- WORK INSTRUCTIONS: No image is to be carried over; reproduce the rest of the listing word for word.

- EXCERPTED DATA:
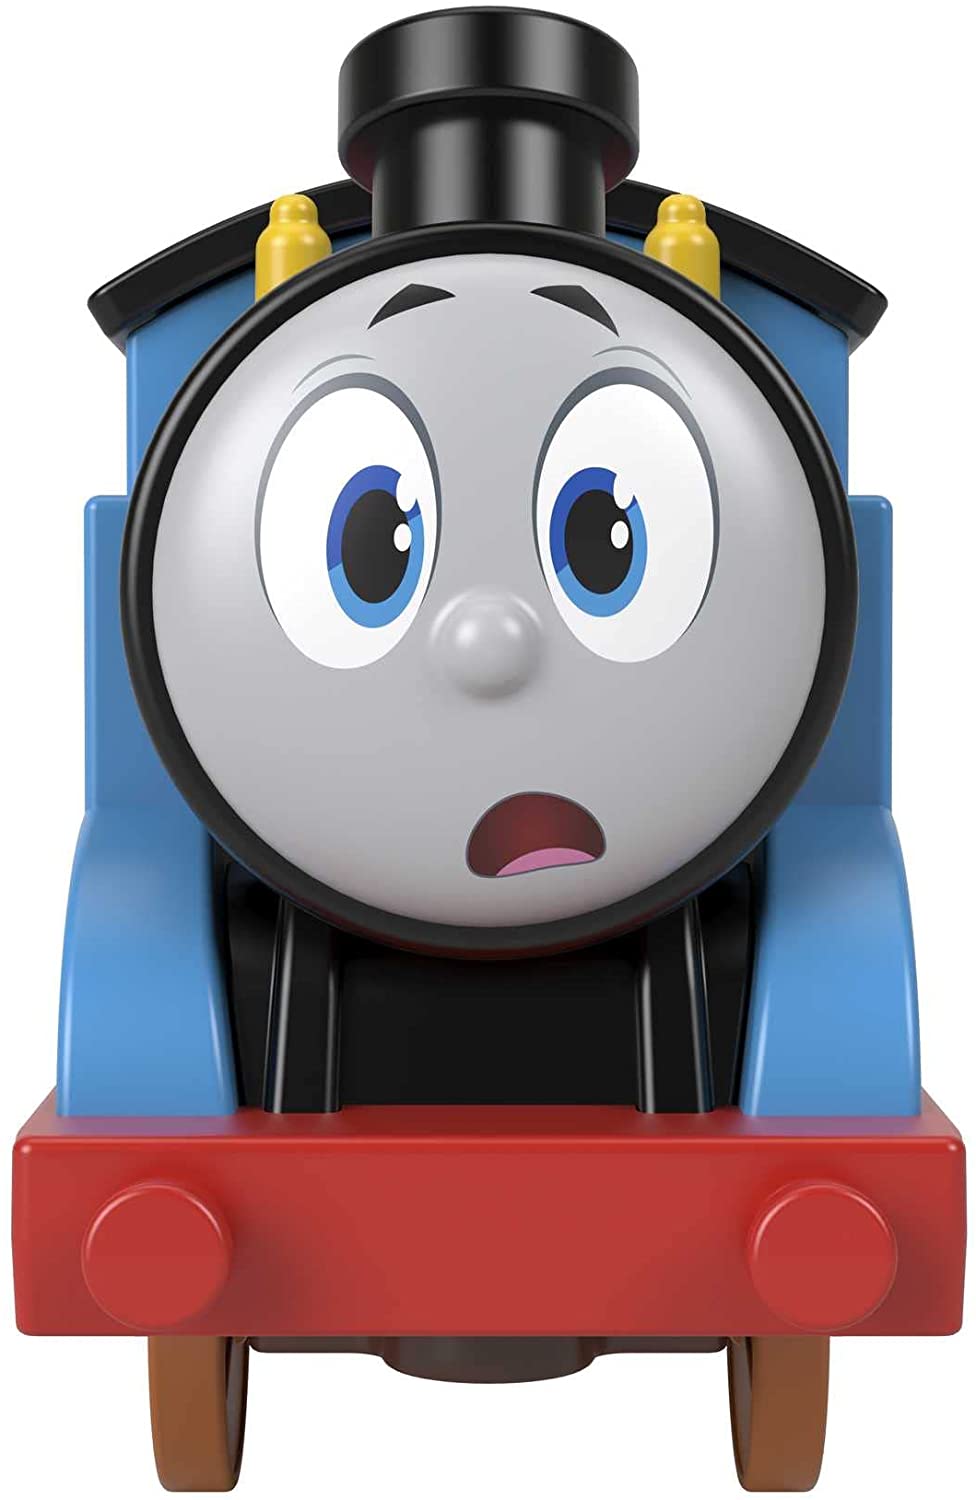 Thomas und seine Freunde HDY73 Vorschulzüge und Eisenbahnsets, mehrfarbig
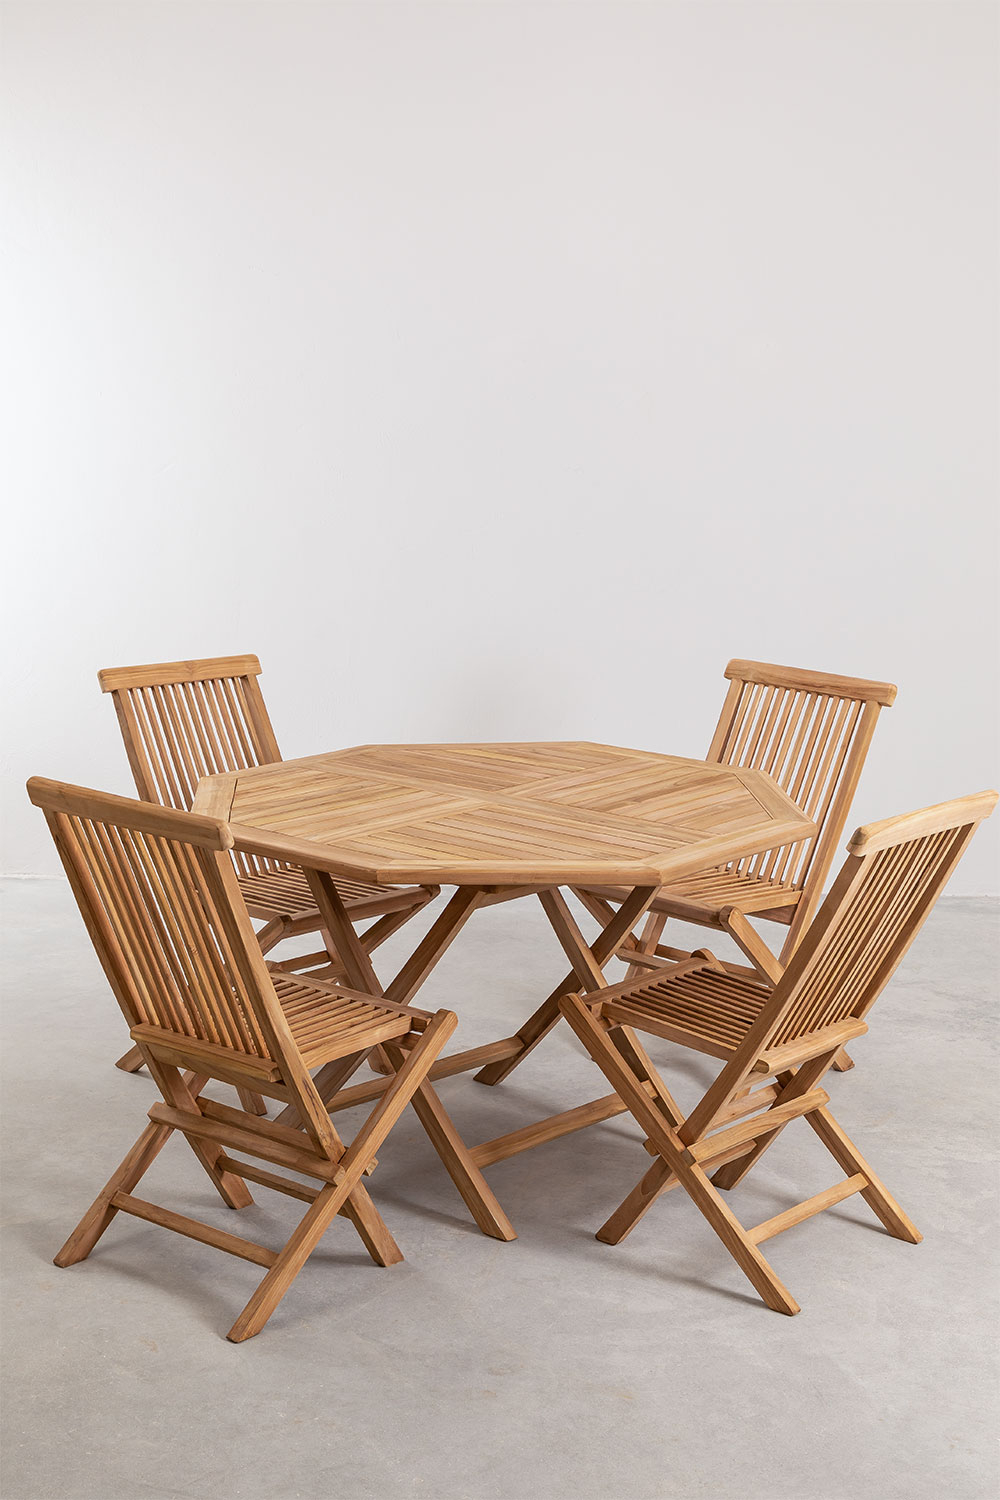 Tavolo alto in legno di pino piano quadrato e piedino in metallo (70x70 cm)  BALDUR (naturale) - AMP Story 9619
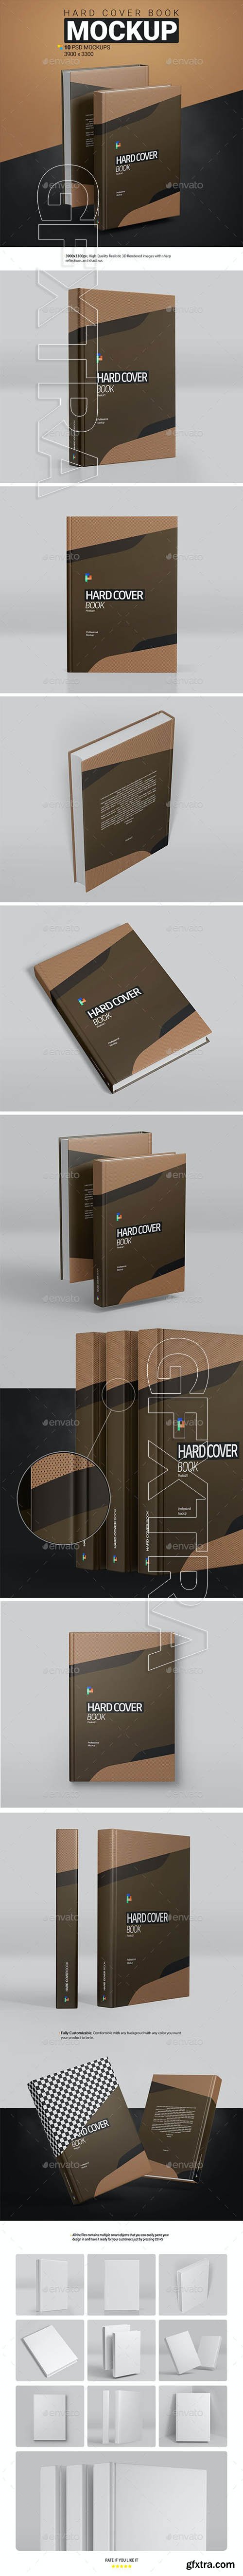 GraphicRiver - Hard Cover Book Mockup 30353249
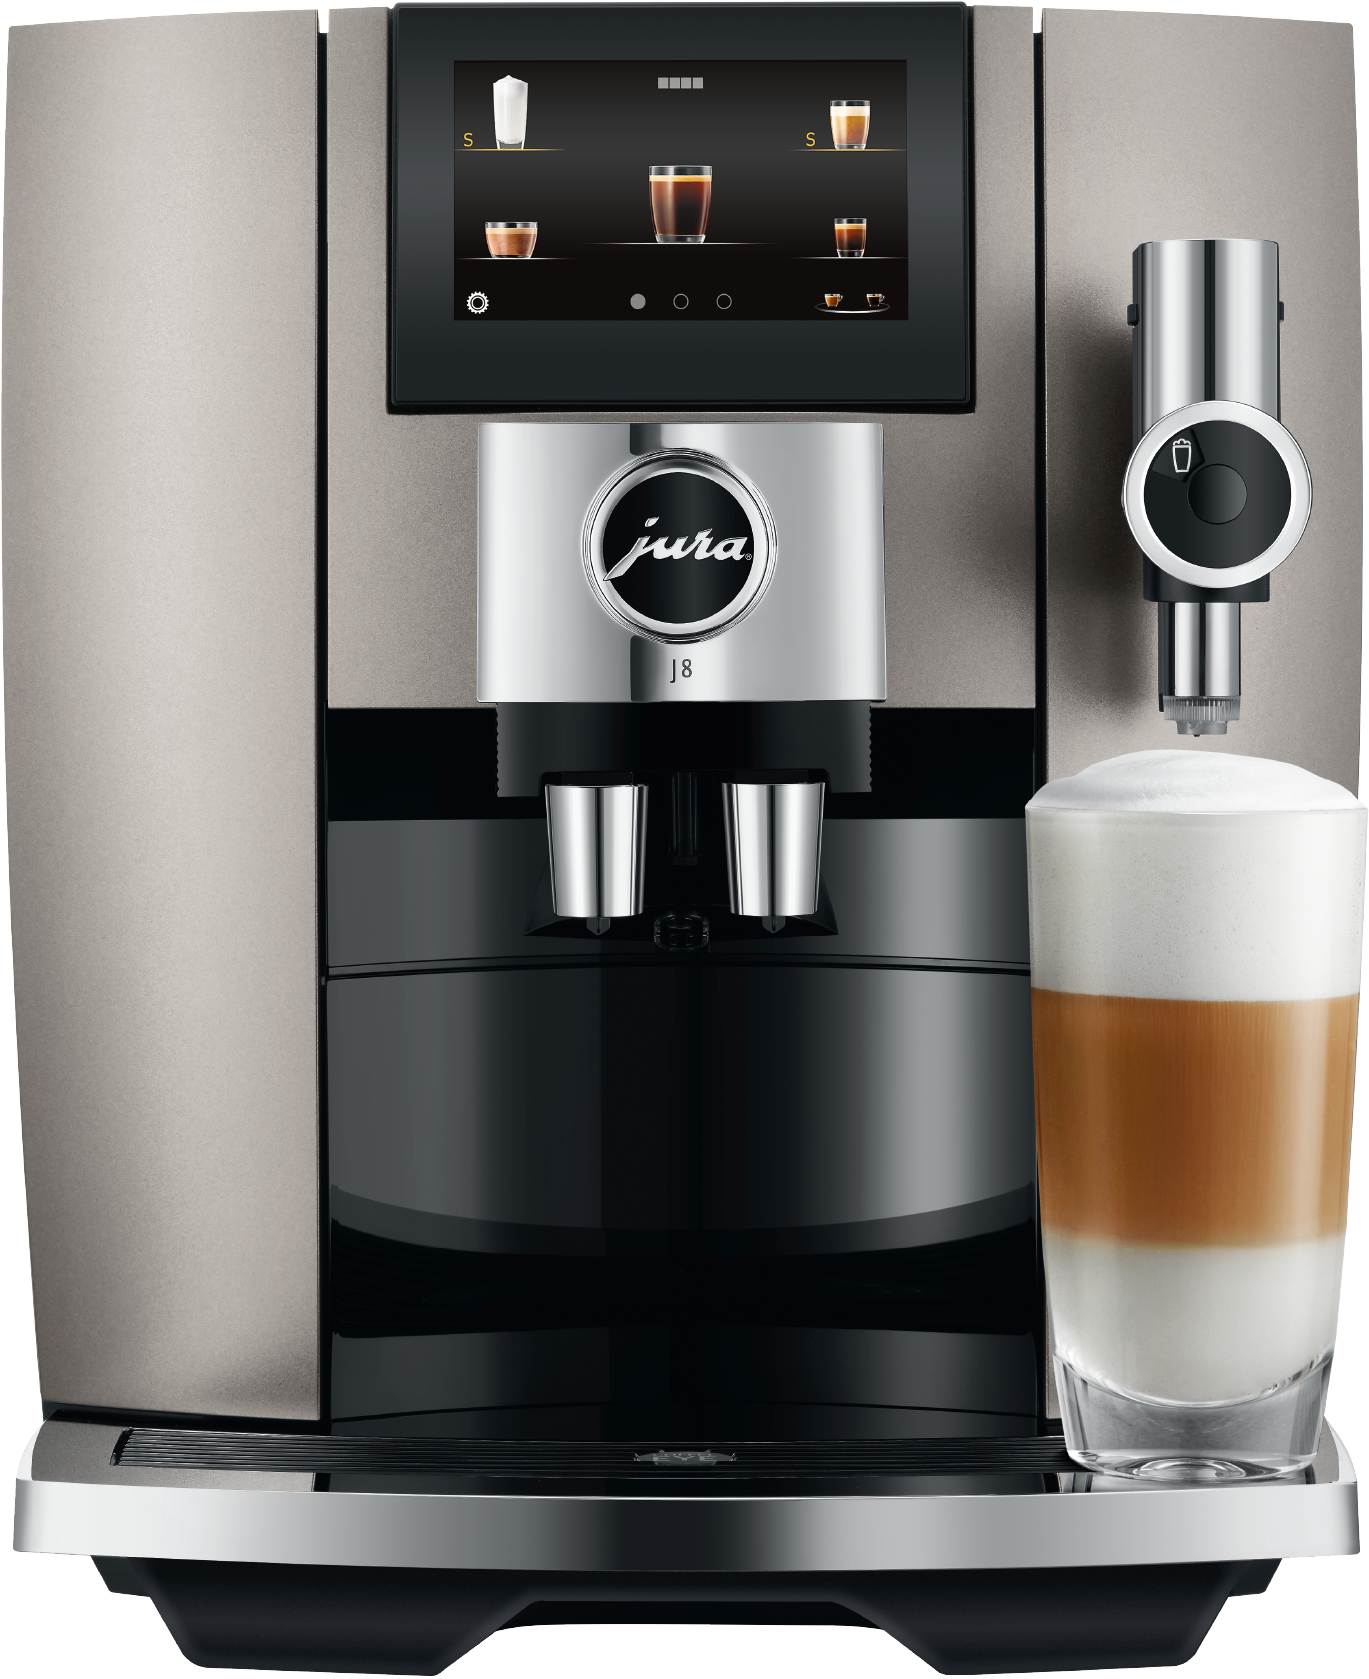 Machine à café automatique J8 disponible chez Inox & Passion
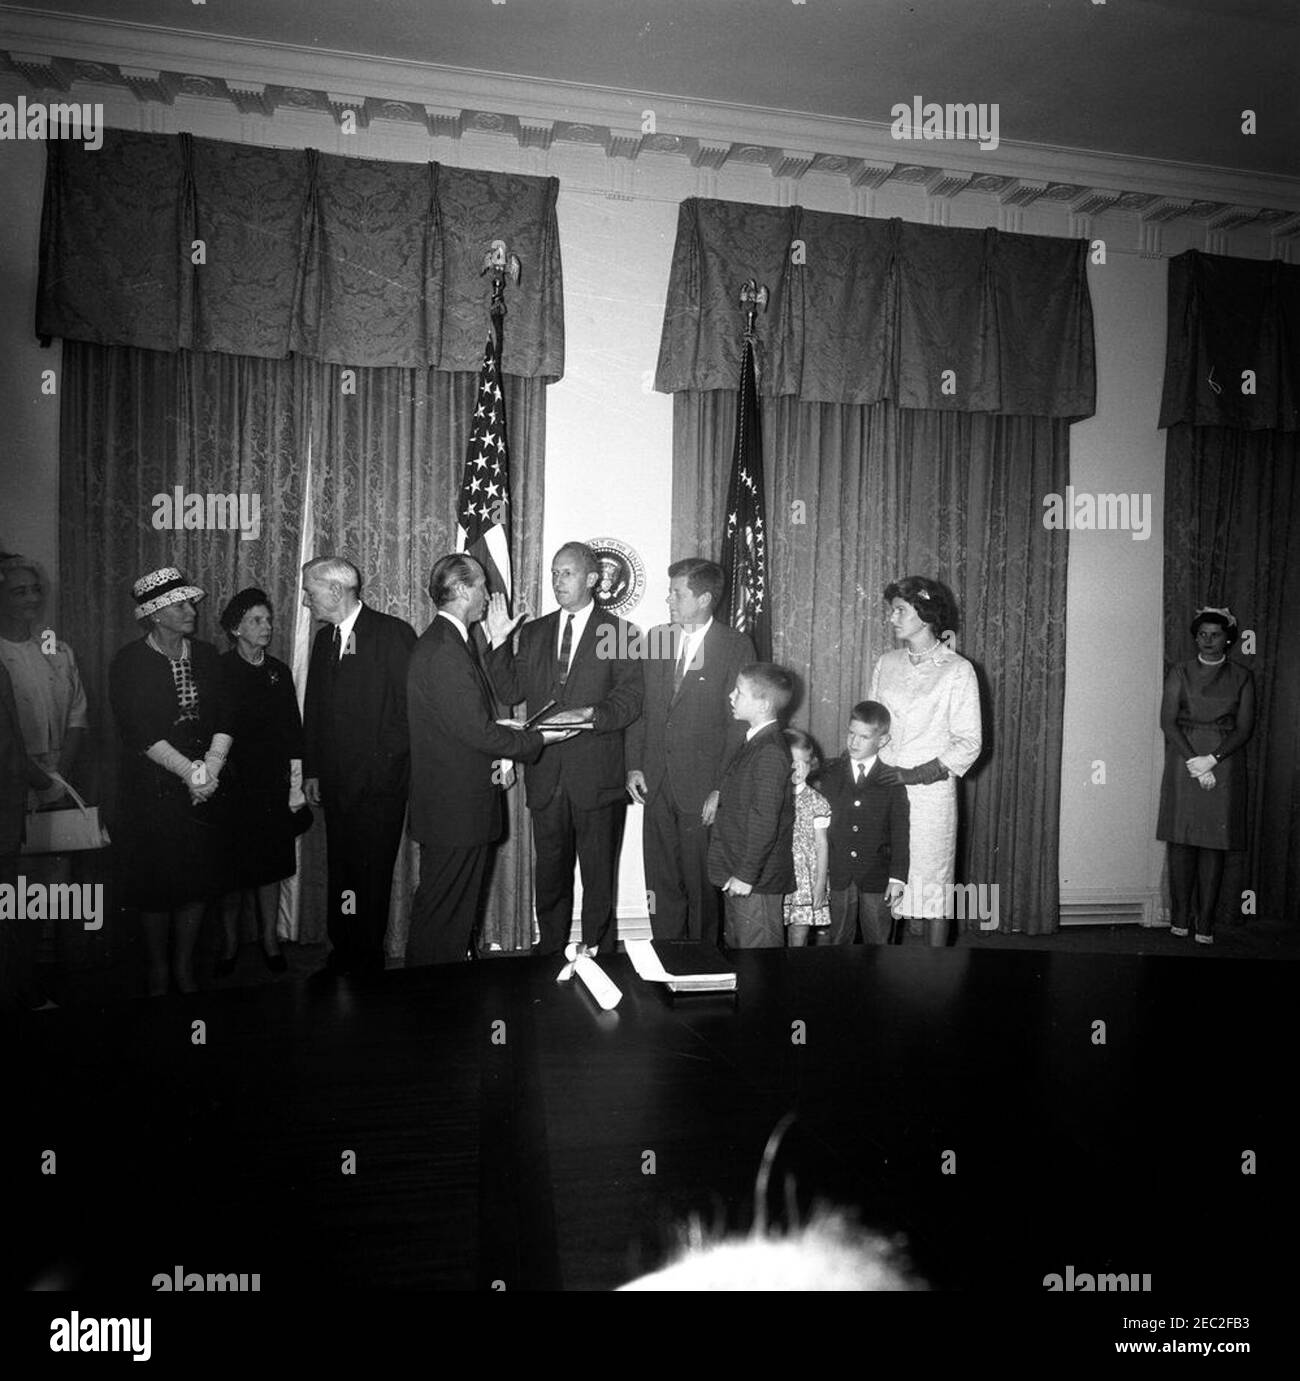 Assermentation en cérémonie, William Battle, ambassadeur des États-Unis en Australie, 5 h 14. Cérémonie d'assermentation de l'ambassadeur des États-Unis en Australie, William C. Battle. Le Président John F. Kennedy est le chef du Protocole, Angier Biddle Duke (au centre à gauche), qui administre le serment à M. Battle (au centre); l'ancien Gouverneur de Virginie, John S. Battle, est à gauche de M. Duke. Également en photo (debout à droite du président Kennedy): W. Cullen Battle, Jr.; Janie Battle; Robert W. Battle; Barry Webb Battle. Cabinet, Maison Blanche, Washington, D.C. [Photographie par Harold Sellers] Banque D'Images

- EXERCISE OUTPUT:
 Thomas und seine Freunde HDY73 Vorschulzüge und Eisenbahnsets, mehrfarbig
 Tavolo alto in legno di pino piano quadrato e piedino in metallo (70x70 cm)  BALDUR (naturale) - AMP Story 9619
 GraphicRiver - Hard Cover Book Mockup 30353249
 Machine à café automatique J8 disponible chez Inox & Passion
 Assermentation en cérémonie, William Battle, ambassadeur des États-Unis en Australie, 5 h 14. Cérémonie d'assermentation de l'ambassadeur des États-Unis en Australie, William C. Battle. Le Président John F. Kennedy est le chef du Protocole, Angier Biddle Duke (au centre à gauche), qui administre le serment à M. Battle (au centre); l'ancien Gouverneur de Virginie, John S. Battle, est à gauche de M. Duke. Également en photo (debout à droite du président Kennedy): W. Cullen Battle, Jr.; Janie Battle; Robert W. Battle; Barry Webb Battle. Cabinet, Maison Blanche, Washington, D.C. [Photographie par Harold Sellers] Banque D'Images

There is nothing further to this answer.